Gurunathan et al. [8] presented a method named stegano-visual cryptography to embed the secret data within an input image. The cover image is splitted into nblocks of 8 × 8pixels and the secret data into n partitions to enhance the embedding capacity and quality of stego image. For finding an optimum result, Cuckoo Search (CS) optimization technique was employed. It helps to detect the best substitution matrix which change protected data into whole block but failed to find single optimum matrix for substitution. Banharnsakun et al. [2] proposed a LSB based image steganography which is enhanced with the help of an Artificial Bee Colony (ABC). To embed the confidential image inside an input image, the block is optimized by ABC. The ABC algorithm is updated using a using a block assignment list is also presented in this. Though, there was no improvement in the embedding capacity. Miri et al. [18] proposed to map the cover image to a frequency domain, adaptive wavelet transform and GA. Based on Kieu and Chang model, the encrypted data is embedded in the edges of the image by which there is least difference in the cover image. Still, this method did not much concentrate on the improving the time complexity.

The detailed study conveyed that the above issues affected the video quality and security level of the hidden data. To overcome these issues, a new model of data hiding using Exponential Fractional-CSO method to achieve improved video quality and security level is proposed.

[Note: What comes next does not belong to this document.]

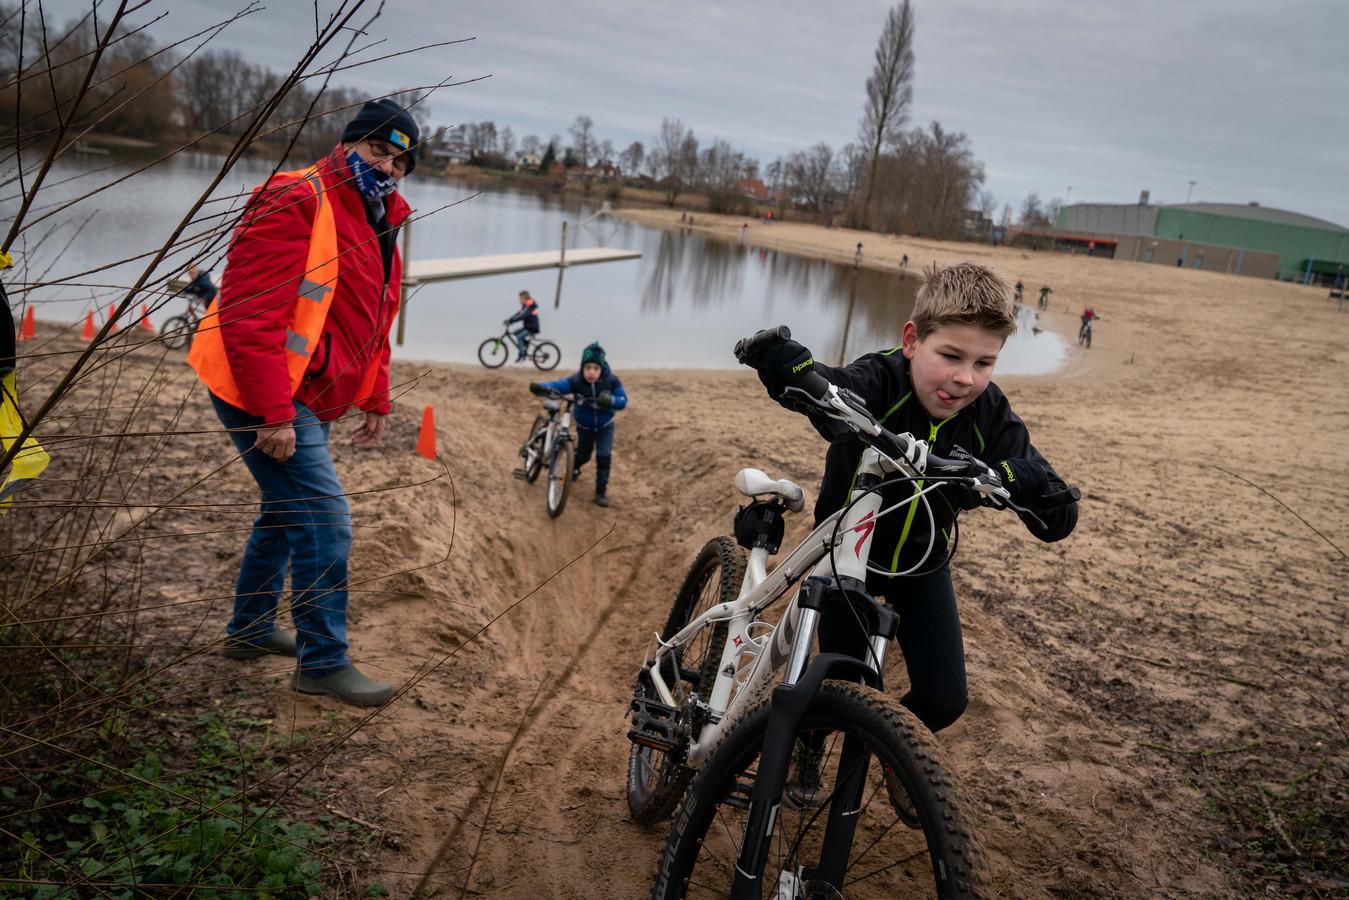 Fietscrossende kinderen op sportpark Walburgen

3 Proposed exponential fractional-CSO for video steganography

The main objective of developing the video steganography algorithm is to find the optimal region for embedding the secret data into the cover image thereby improving the video quality and offering the best security to the secret data. The proposed scheme benefits from the goodness of the Exponential Fractional-CSO along with multi-objective cost function. Initially, an input video is selected from the database, and the key frames are effectively extracted by applying contourlet transform and SSIM measure. After extracting the key frame, regions are formed through the aid of grid lines. Then, optimal regions are selected with the help of proposed optimization algorithm based on the multi-objective factors, like intensity, edge, wavelet energy, LBP energy, kurtosis, and neighborhood information. The proposed Exponential Fractional-CSO algorithm is designed by incorporating the fractional concept with the CSO based on the Exponential concept. Once, the optimal region is selected, the secret data is embedded in the optimal location with the help of LWT which is an effective transform model to hide the secret data. Figure 1 portrays the schematic diagram of the proposed Exponential Fractional-CSO for video steganography.

Fig. 1
figure 1

Schematic diagram of the proposed Exponential Fractional-CSO for video steganography

3.1 Extracting key frames from the input video

The input video Bi is selected from the database in order to perform the key frame extraction process. The key frame extraction process is simple and is effective for summarizing the long video sequence. The key frames represent the salient information of a video shot and they are effectively extracted within a specified shot. The key frame extraction process reduces the hiding complexity in video by concentrating more on the particular frames. For extracting key frames, the input video is divided into various frames and the difference between each frames is calculated and finally, the key frames used for embedding process is extracted. The key frame that is extracted is represented as,

$$ FK=\left\{F{K}_1,F{K}_2,\dots F{K}_i,\dots F{K}_n\right\} $$
(1)

where, FK denotes the key frame, FKn represents the number of key frames, and FKi indicates the ith key frame, respectively.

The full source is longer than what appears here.